Trout in the Classroom (TIC) began in Tennessee and has spread throughout the eastern United States as an effort to engage youths in the preservation of streams in their respective region by raising brook trout from eggs delivered to their schools. TIC can be tailored to meet the specific requirements of a curriculum with components in ecology, math, science, language, social studies and even fine arts and physical education.
At THS, additional support was provided by the PA Department of Conservation & Natural Resources (DCNR), Department of Environmental Protection (DEP), and Williams Companies through its Field Giving program.
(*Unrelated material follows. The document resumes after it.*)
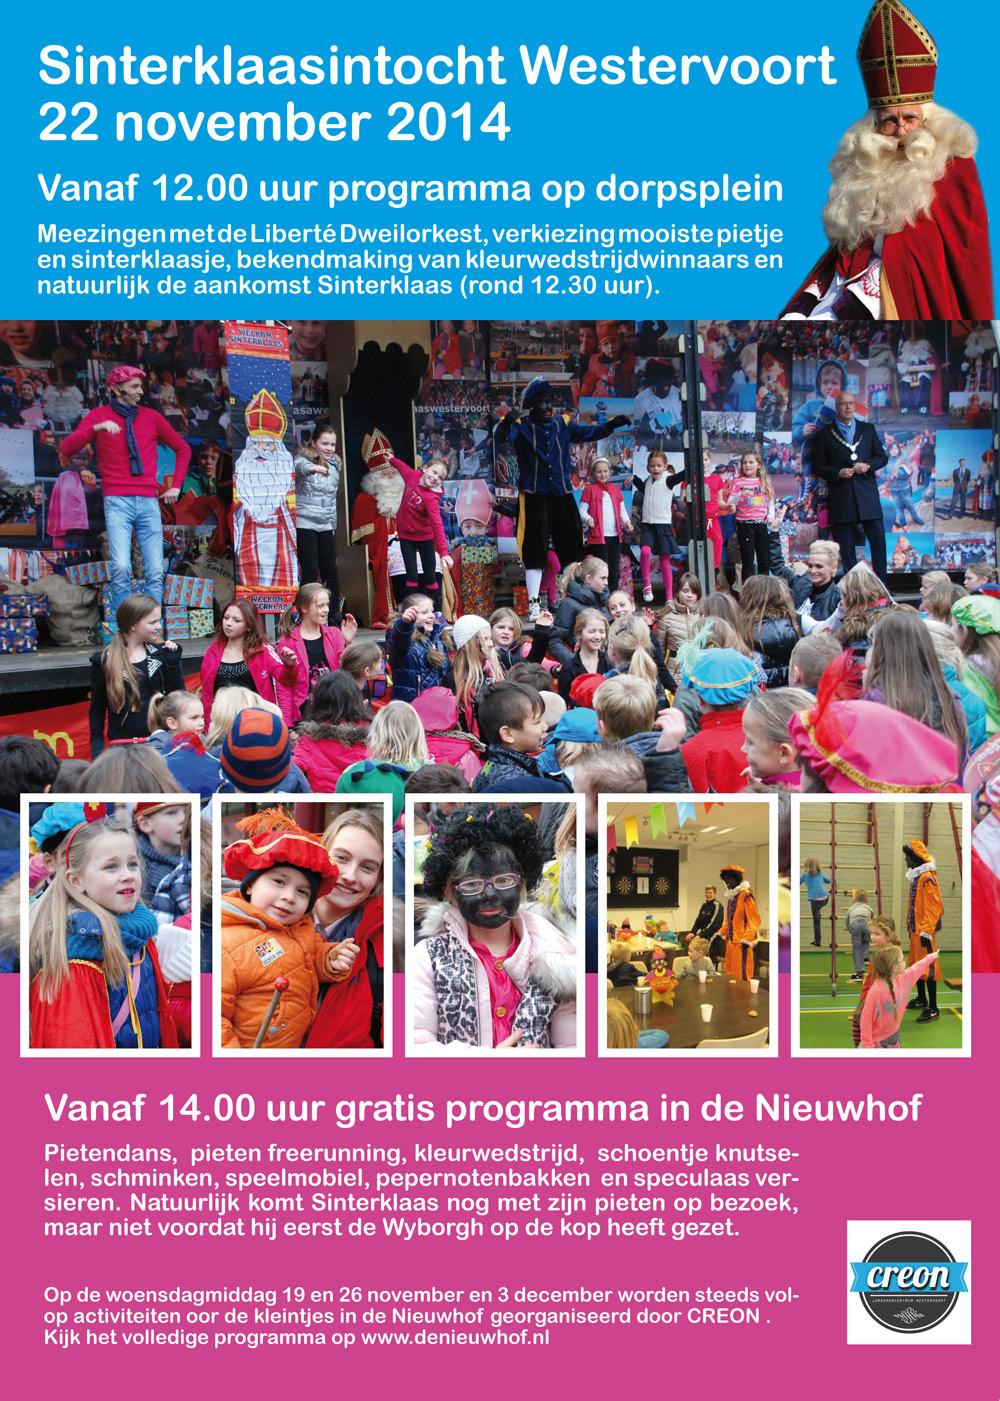 Intocht Sinterklaas Westervoort Duivenplaza Nl

“We look to connect the interests and passions of our employees with people in the community,” said Williams director of projects Mike Dickinson who, in turn, reached out to liaison project manager John Pittenger, an avid outdoorsman with a penchant for both hunting and fishing.
Pittenger had previously facilitated a Williams Homegrown Grant at Patriots Cove, a facility in Noxen for that provides fishing opportunities for veterans and first responders, to enhance stream conditions and access. He shared his knowledge about TIC with Dickinson, who participates on an advisory board with THS director of career & technical education programming Greg Ellsworth.
“Greg’s eyes lit up,” Dickinson recalled of the moment he approached Ellsworth with the idea. “It was an example of being in the right spot to have the right conversation.”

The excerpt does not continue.